The text feature of the relevance between the word in characterization text is extracted by the Text character extraction portion；

The text feature is intercepted selectively with the window of change in size by the local text feature interception portion Each part, to obtain local text feature；And

Described image generates the decoder module in model according to each local text feature of input text come iteratively Generate corresponding with input text image, each local text feature intercepts in each secondary iteration respectively.

Claims

1. a kind of information processing method, comprising:

Each part of the text feature is selectively intercepted with the window of change in size, it is special to obtain each local text Sign；

Figure is trained based on each local text feature of the sample text and sample image corresponding with the sample text As generating model,

Wherein, it includes coder module and decoder module that described image, which generates model, and the image after training generates in model Decoder module is corresponding come the text for being iteratively generating with being inputted according to each local text feature of the text inputted Image, and each local text feature intercepts in each secondary iteration respectively.

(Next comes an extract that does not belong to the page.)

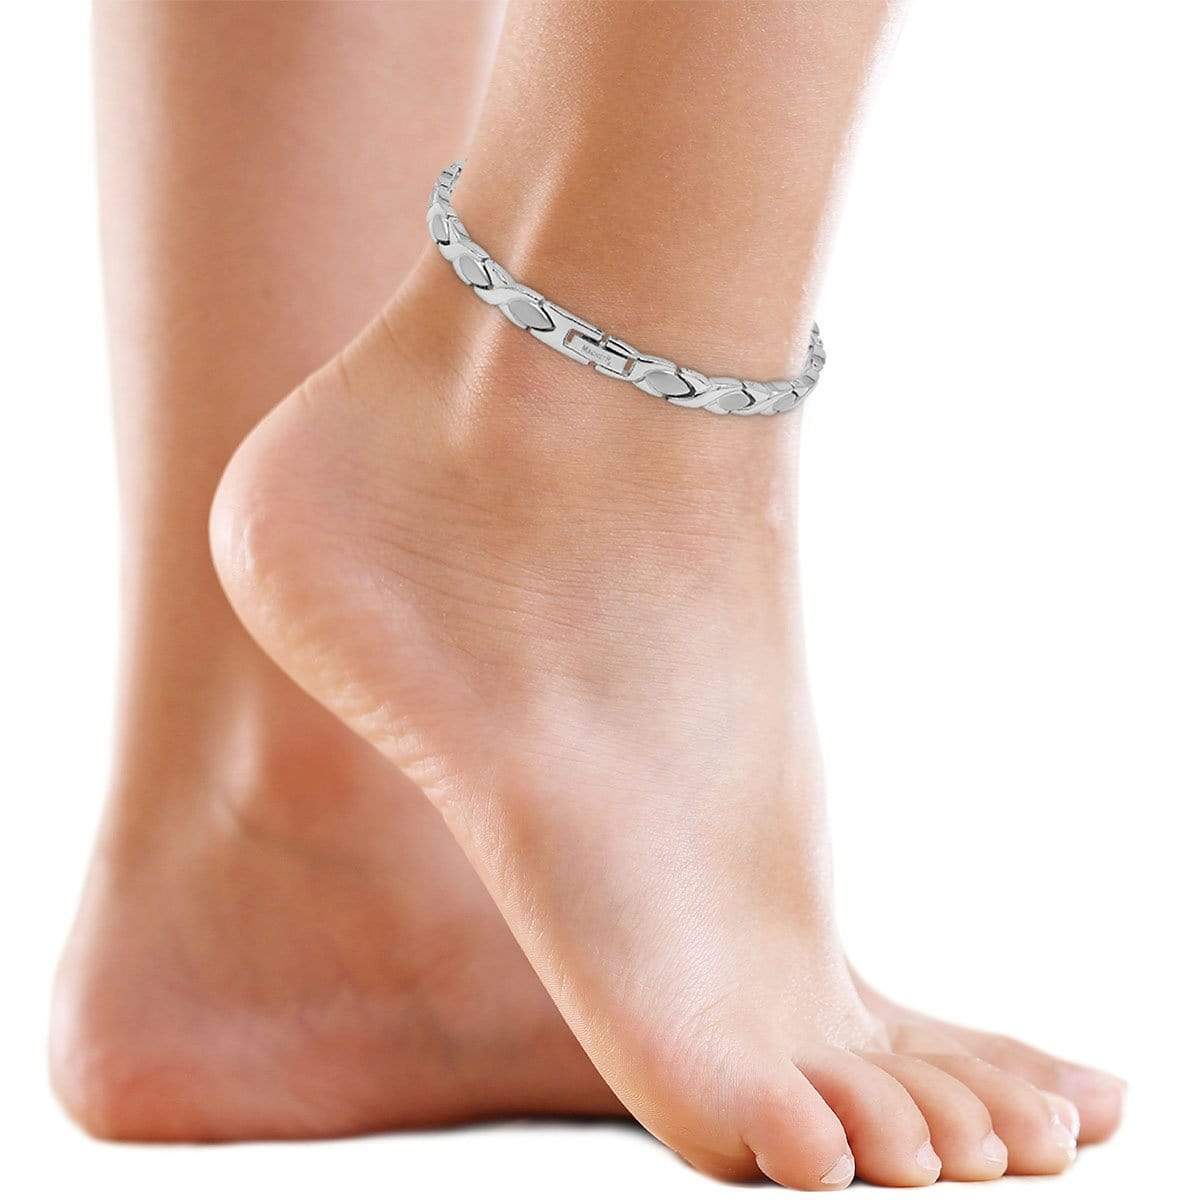 Προϊόντα ankle bracelet beads foot chain magnetic therapy | Zipy - Απλές  αγορές από AliExpress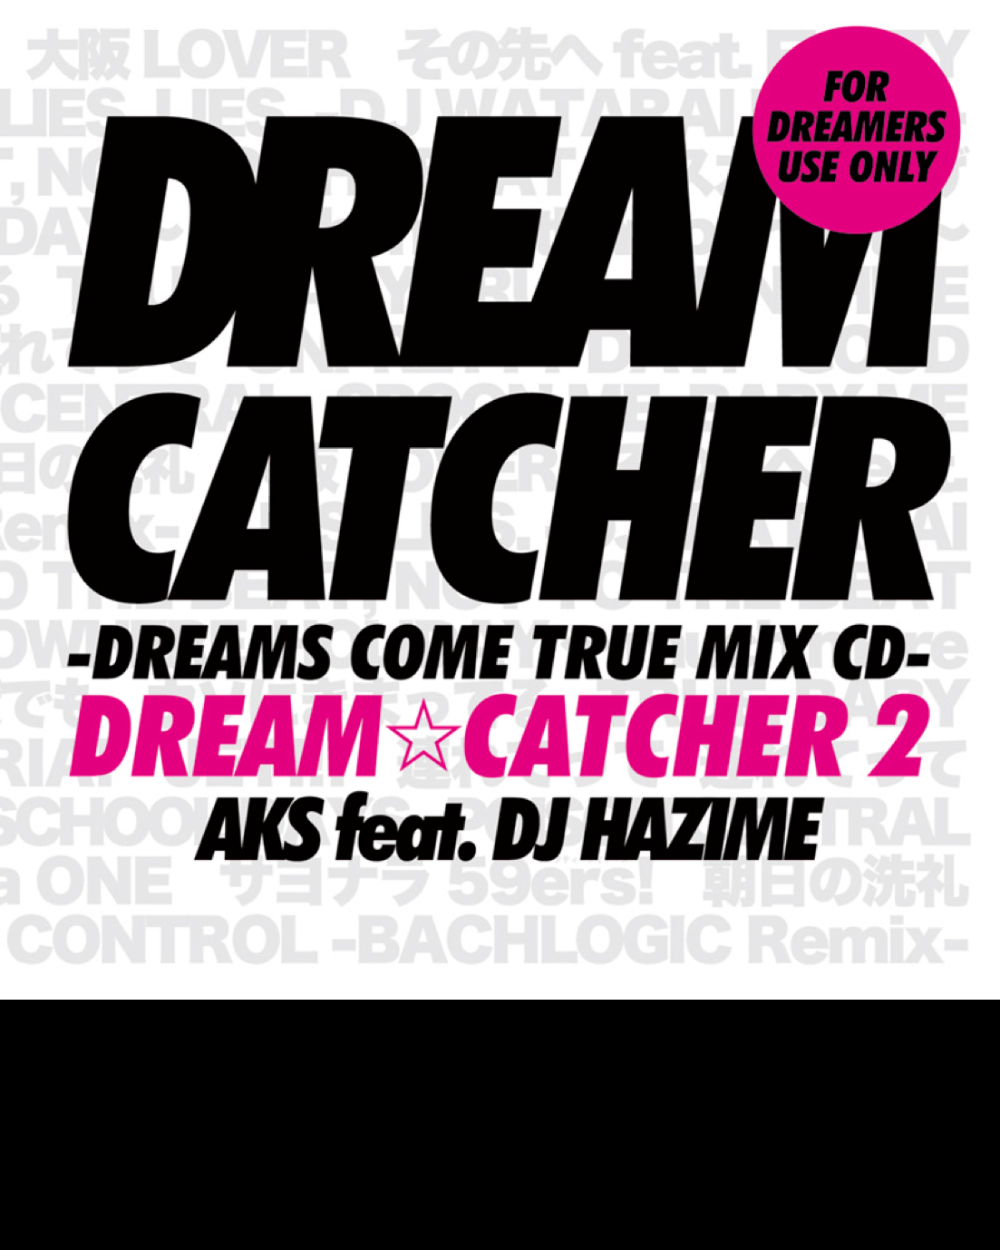 AKS feat DJ HAZIMEDREAM☆CATCHER 2 -DREAMS COME TRUE MIX CD-

2. information processing method according to claim 1, wherein extracting the text feature from sample text includes:

3. information processing method according to claim 1, wherein training described image generates model and includes:

The sample image is iteratively compressed using the coder module, and from the encoder mould in each secondary iteration Block exports the first distribution of characteristic quantity, and the characteristic quantity characterizes the key message of the sample image and the sample text；

Each local text feature and each first distribution using the decoder module based on the sample text is come iteration Ground generates output image, and constructs using the decoder module the second distribution of the characteristic quantity in each secondary iteration； And

It is raw to calculate described image based on the sample image, the output image, first distribution and second distribution Model is generated at the loss function of model to optimize described image.

4. information processing method according to claim 3, wherein in each iteration, based on the decoding in previous iteration The output of decoder in device module intercepts the local text feature.

5. information processing method according to claim 4, wherein in each iteration, using coder module come iteration Compress the sample image in ground

The sample image is read based on the output of the decoder module described in previous iteration and the output of the decoder Part, to obtain fractional sample image；And

Based on the output of encoder and the decoder in previous iteration in the coder module, the encoder compresses The fractional sample image.

6. information processing method according to claim 5, wherein the first distribution in each iteration is based on the encoder Output construct.

7. information processing method according to claim 6, wherein be iteratively generating image using the decoder module Include:

Based on the output of decoder in local text feature and previous iteration, using the decoder to characteristic quantity collected into Row decoding；

The output of decoder is written out to same matrix in each iteration, the output as the decoder module；And

The output image is generated based on finally obtained matrix.

8. information processing method according to claim 7, wherein calculate the loss function packet that described image generates model It includes:

9. the information processing method according to any one of claim 5-8, wherein the encoder and decoder benefit It is realized with Recognition with Recurrent Neural Network.

10. a kind of device based on text generation image, comprising:

Local text feature interception portion selectively intercepts each part of the text feature with the window of change in size, To obtain local text feature；And

Image generates model, and described image generates the decoder module in model according to each local text feature of input text It is iteratively generating image corresponding with the input text, each part text feature intercepts in each secondary iteration respectively.